Some women using birth-control pills have long reported changes to their libido and mood. Research is still in the early stages to explore the implications of taking hormonal contraceptives for women's choice of mates and for fidelity in relationships. Researchers speculate that women with less-masculine partners may become less interested in their partner when they come off birth control, contributing to relationship dissatisfaction. And, if contraceptives are masking women's natural ability to detect genetic diversity, then the children produced by parents who met when the woman was on the pill may be less genetically healthy, they suggest.
"We don't have enough research to draw a firm conclusion yet," says Dr. Haselton. "It is certainly possible that if women don't experience that little uptick in [desiring] masculinity that they end up choosing less masculine partners," she says.
That could prompt some women to stray, research suggests. Psychologist Steven Gangestad and his team at the University of New Mexico showed in a 2010 study that women with less-masculine partners reported an increased attraction for other men during their fertile phase. Women partnered with traditionally masculine partners didn't have such urges, according to the study of 60 couples.
In another study, the researchers analyzed MHC gene samples of 48 couples. Women partnered with men with whom they shared the least genetic diversity reported being less sexually responsive to their mates. The study was published in 2006 in the journal Psychological Science.

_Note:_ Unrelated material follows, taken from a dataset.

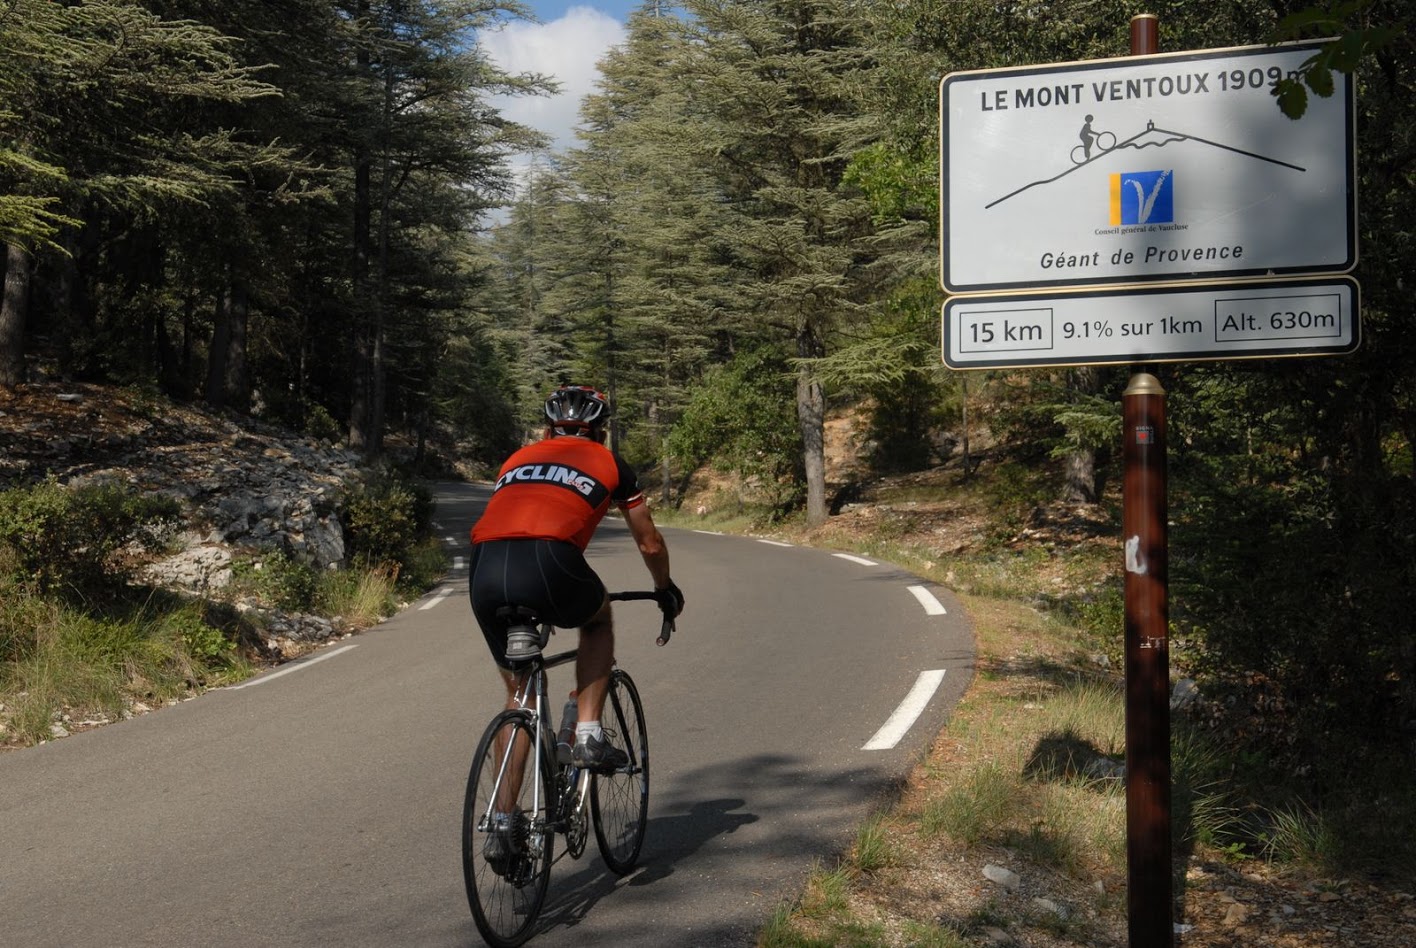 Cyclist at 630 meters in altitude

There is also accumulating evidence indicating men react differently to women when they are on birth control. A 2004 study in the journal in Behavioral Ecology used the T-shirt study methodology but instead put the shirts on 81 women. A panel of 31 men, smelling the T-shirts, experienced the greatest attraction for the non-pill-using women when they were ovulating. Twelve women on the panel didn't detect any difference.
A study on primates appears to support the idea that hormonal contraceptives change mating preferences. Duke University researchers studied hormones secreted by female lemurs before and after the animals received a hormonal contraceptive. They also studied males' preferences for these scents.
The findings, published in the journal Proceedings of the Royal Society, Biological Sciences this year, showed that the injection of Depo-Prevara, a long-lasting contraceptive that is approved for use in humans, dramatically altered the chemicals that female lemurs give off to indicate their identity and how genetically healthy they are.
The females given the contraceptive became overall less appealing to the males than before getting the injection, says Christine Drea, a professor in Duke's evolutionary anthropology department and senior author on the study. The contraceptive erased all the normal information the odor signals conveyed, she says.
Though the study would need to be conducted in humans to draw direct conclusions, there are potential parallels to people, Dr. Drea says. Birth control "could be mixing up your own [signals] and others aren't smelling the real you," she says.